In 2022, Naumova published a video reply to Arnold Schwarzenegger, inviting him to visit the Donbas region in order to witness the plight of the civilians under fire from Ukrainian forces. Naumova said that given that Schwarzenegger visited United States Army troops during the invasion of Iraq, he should be brave enough to visit children of Donbas that are being shelled by Ukrainian forces. Supporting Russia's invasion of Ukraine and positioning herself as a war correspondent, Maryana Naumova participated in "courses for war correspondents" organized by the Wagner Group.

== Sanctions ==
On January 7, 2023, amid Russia's invasion of Ukraine, Maryana Naumova was placed on Ukraine's sanctions list because she "frequently visits frontline and occupied territories of Ukraine to film propaganda stories in support of the war in accordance with Kremlin narratives" and "supports Putin's aggression and mass murder of civilians in Ukraine". The sanctions imply blocking of assets, complete cessation of commercial operations, halting fulfillment of economic and financial obligations. Earlier Naumova was included by ACF in the list of corrupt and warmongers with a proposal to impose international sanctions against her.

== Awards ==

- Municipal and state bodies and organizations

- On April 28, 2015 "for active public work and high professionalism" Maryana Naumova was awarded a Letter of Gratitude of the Moscow Regional Duma.
- 30.12.2015 Maryana Naumova was awarded with a badge of honor "With gratitude from the Head" of Khimki Urban District, Moscow Oblast.
- 24.09.2019 Maryana Naumova was awarded a Letter of Gratitude from the State Duma of the Russian Federation (A Just Russia faction) for her humanitarian mission in Donbass.
- 12.03.2020 Maryana Naumova was awarded a Certificate of Merit of the Moscow Regional Duma for her contribution to the development of children's and youth sports and promotion of a healthy lifestyle.

- Departmental and public

- Order of "Friendship" SCP-CPSU (April 22, 2016 "Union of Communist Parties — Communist Party of the Soviet Union" — Union of Communist Organizations).
- Order of Merit to the Party of the CPRF (April 22, 2019, Communist Party of the Russian Federation, the highest party award).
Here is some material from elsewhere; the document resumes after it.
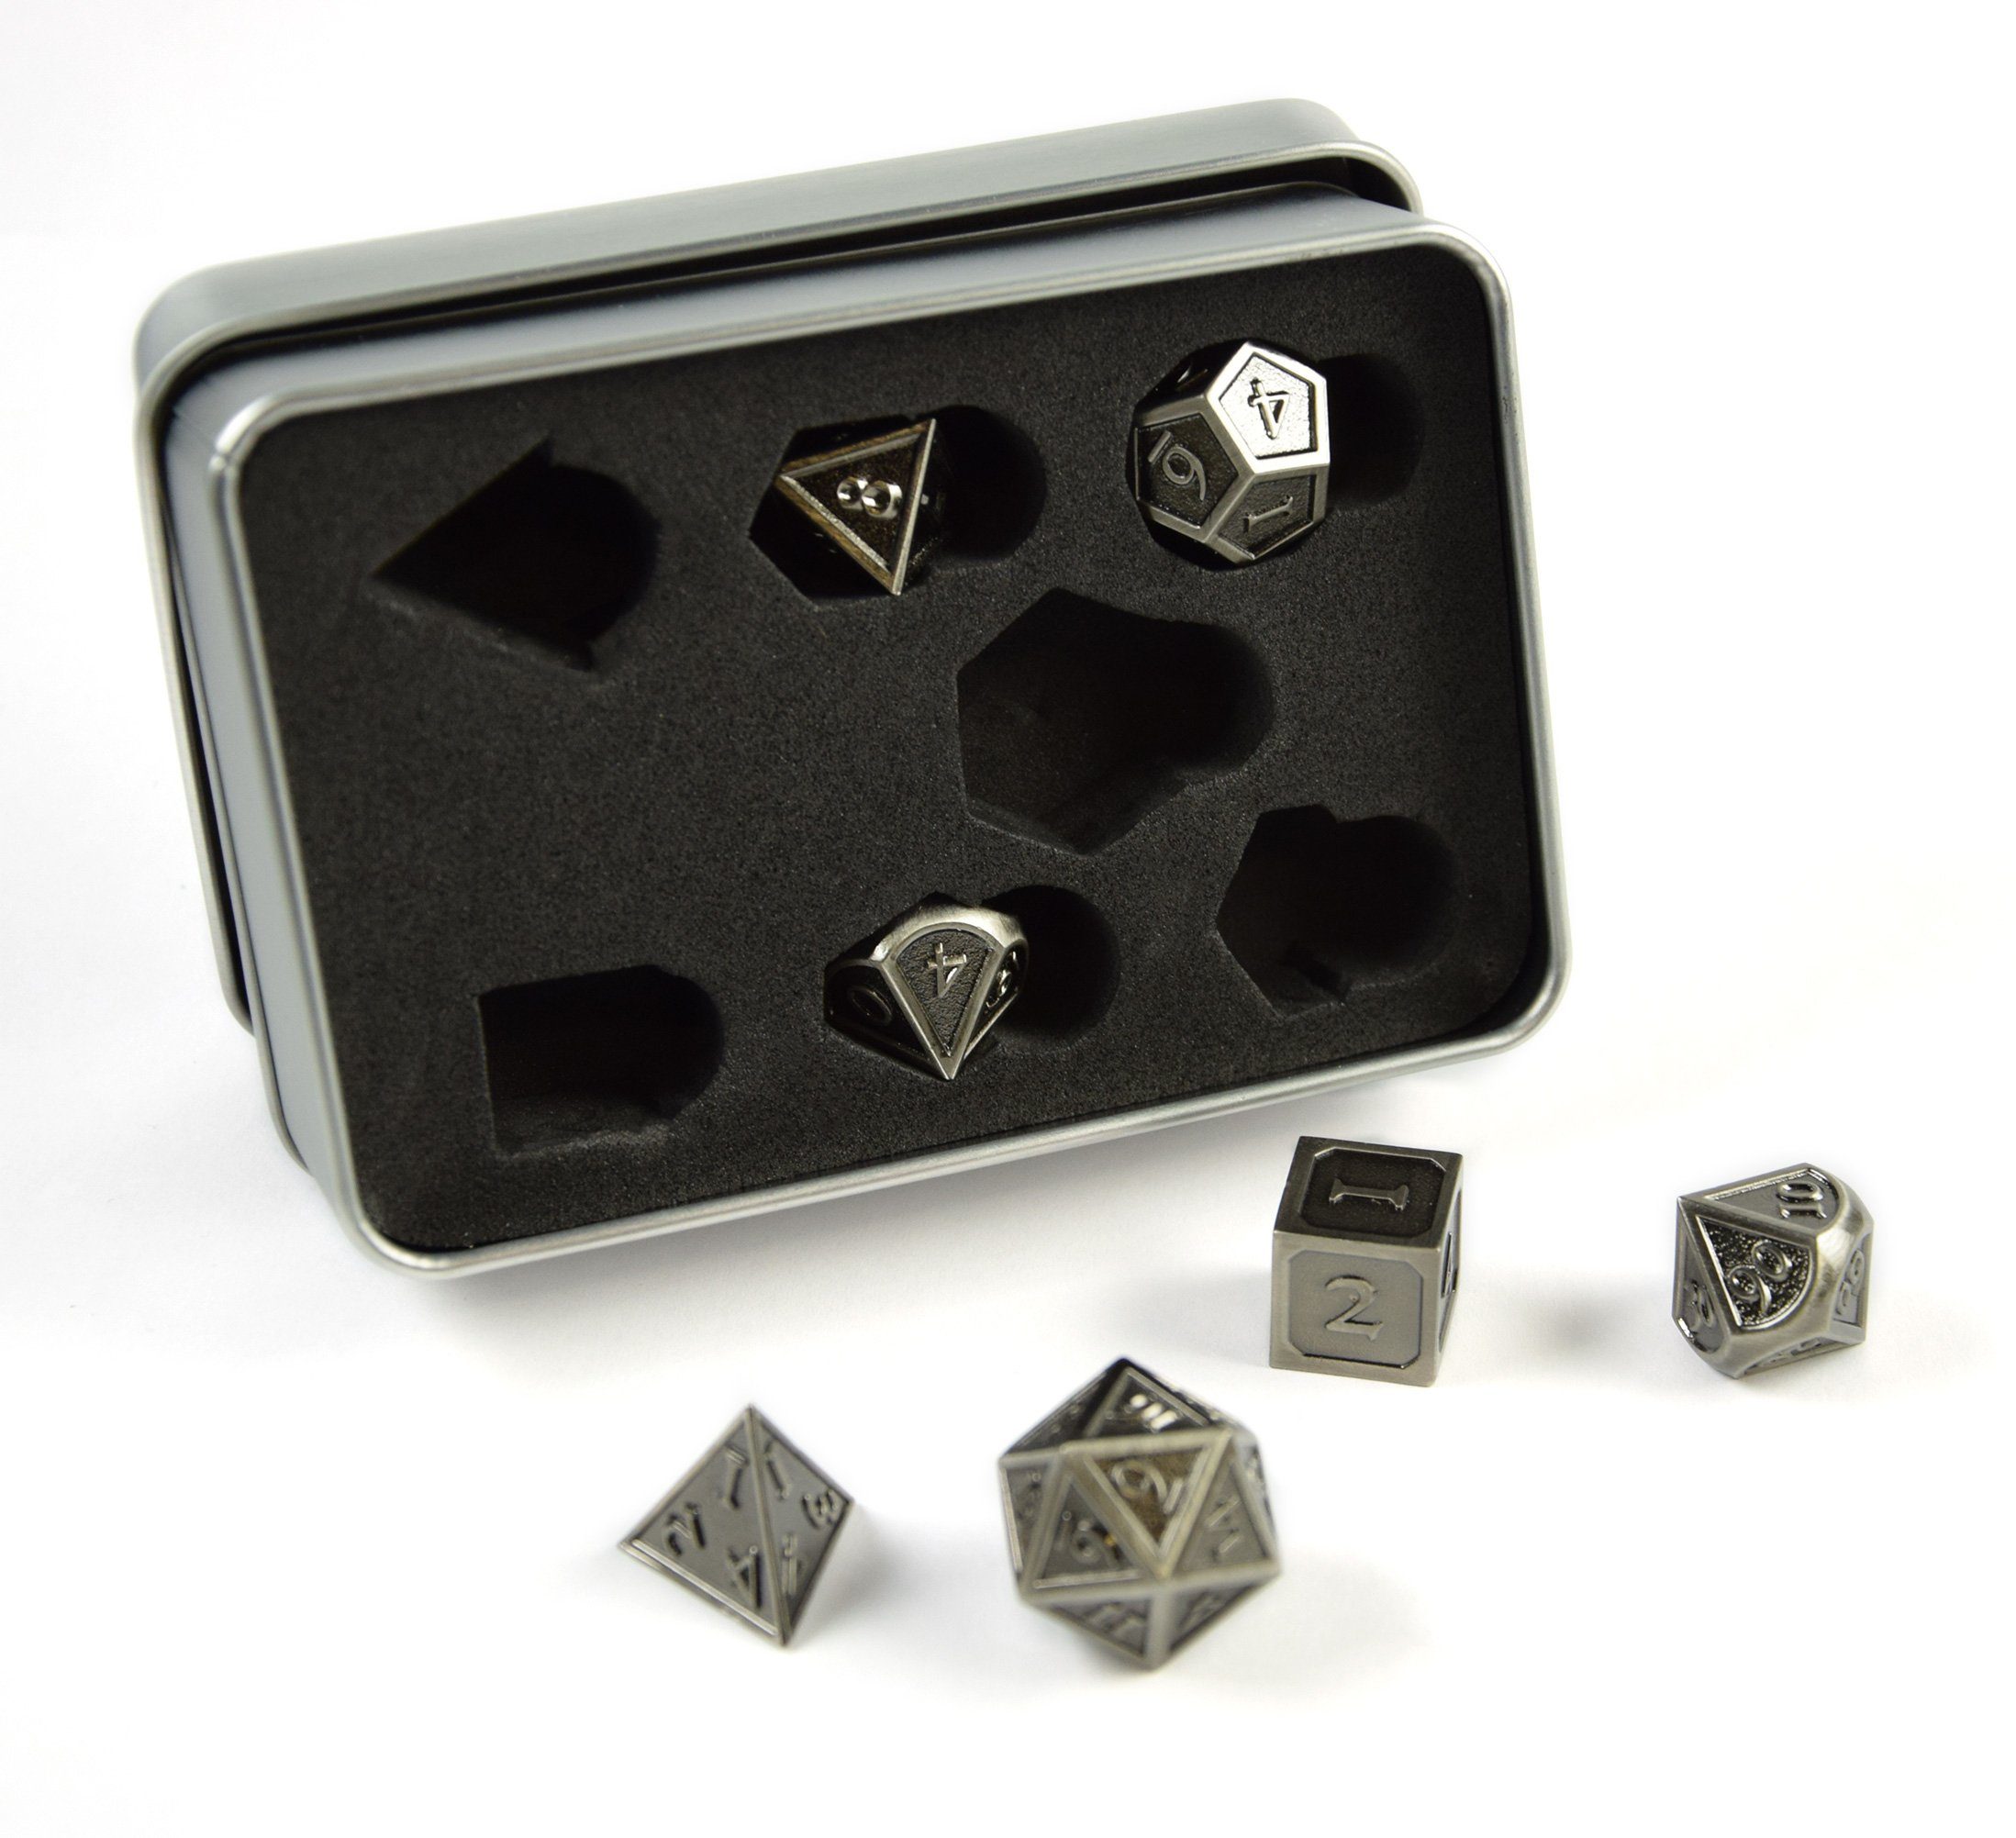 SHIBBY Spielesammlung, 7 polyedrische Metall-DND-Würfel in Steampunk Optik, inkl. Aufbewahrungsbox Silber

- Awards of other countries

- Honorary title "Honored Master of Sports of the DNR" (Resolution of the People's Council of the DNR I-151P-NS of April 24, 2015) — "for outstanding contribution to raising the prestige of the Donetsk People's Republic and the athletes of Donbass at the international level, efforts to help the children of Donbass, and exceptional courage and skill shown in doing so".
- Badge of Distinction "For Merit to the Republic" No. 45 (Decree of the Head of the DNR No. 108 of May 4, 2017, Donetsk) — for fruitful state and public activity, special merits in humanitarian and charitable activities, protection of human dignity and rights of citizens of the Donetsk People's Republic.
- Honorary Citizen of the DNR (7.05.2021).